Where about in guffland are you?

Warrington

13 hours ago, tutankamun said:

If they can fight it off without any problems, why would they need the vaccine?

Remember:

1) The vaccine doesn’t stop you catching and passing on Covid.

2) The vulnerable have been vaccinated 

The concentrated effort should be to ensure all the vulnerable have had their 2nd jab. Leave the kids alone.

I believe there is some evidence that the vaccine does prevent transmission to some degree but yeah, it won’t stop it entirely, nor will it prevent you catching covid. But it will, for those who are unfortunate enough to catch it while vaccinated prevent serious illness or the need for hospitalisation in the majority of cases. Pretty much the purpose of a vaccination and not exclusive to Covid.

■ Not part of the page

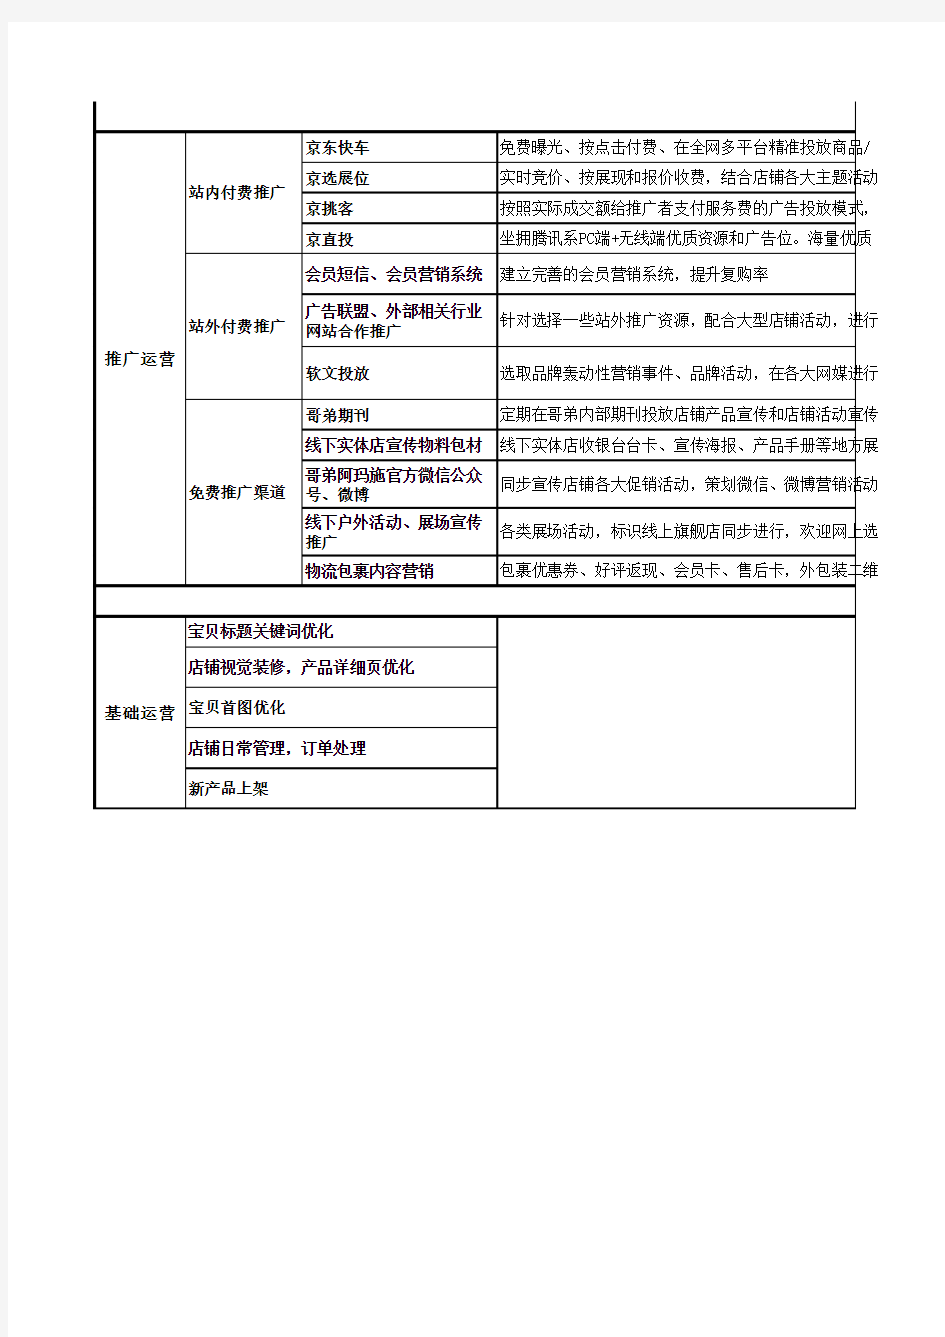 06、京东(2016年度)运营计划详细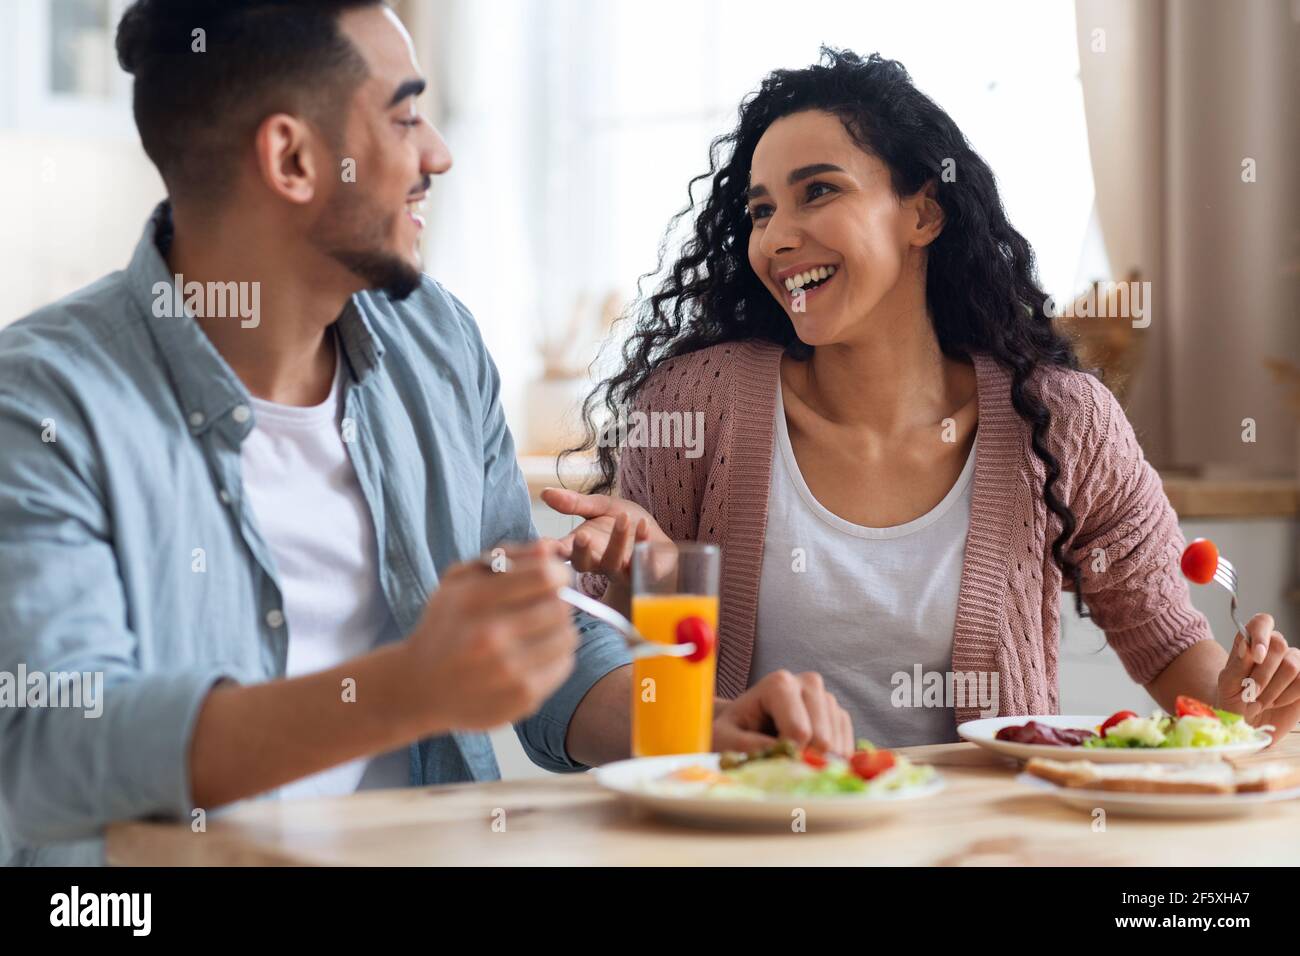 Abendessen Am Morgen. Romantisches Arabisches Paar Frühstück Essen, Plaudern Und Lachen In Der Küche Stockfoto

In the fight against Covid, this is as good as it gets.

The age group I mentioned are the most likely to mix in larger groups and least likely to stick to the ‘rules’. If the vaccine is protecting the older age groups and potentially reducing transmission then it stands to reason it will have much the same effect with them. Any gain has to be a positive. It’ll be up to those younger individuals to decide if they want to take the vaccine that might help them but probably wont make much difference in terms of risk, or take their chances without it but continue to pose a threat to supressing the virus.

12 hours ago, Ke1t said:

Correct. 

What are her medical credentials that she's given a national platform to discuss best practices during a pandemic?

You might as well have Gazza on, pished up and waving a chicken, telling us how to stay safe, as this fucking cunt. 

I doubt anyone watches This Morning for highbrow debate but I think like most of us she has her opinion and its rare that a contrary point of view gets aired thar goes against the grain. There was a decent expert on QT last night who made a lot of sensible points about the dropping of restrictions. He wasn’t being alarmist about the rising case numbers and putting the emphasis on the good work the vaccine is doing and how we should balance this against the social and economic factors. Variants will come and go, we can’t be sticking our heads in the sand every time a new one emerges. We’ll just have to learn to live along side them.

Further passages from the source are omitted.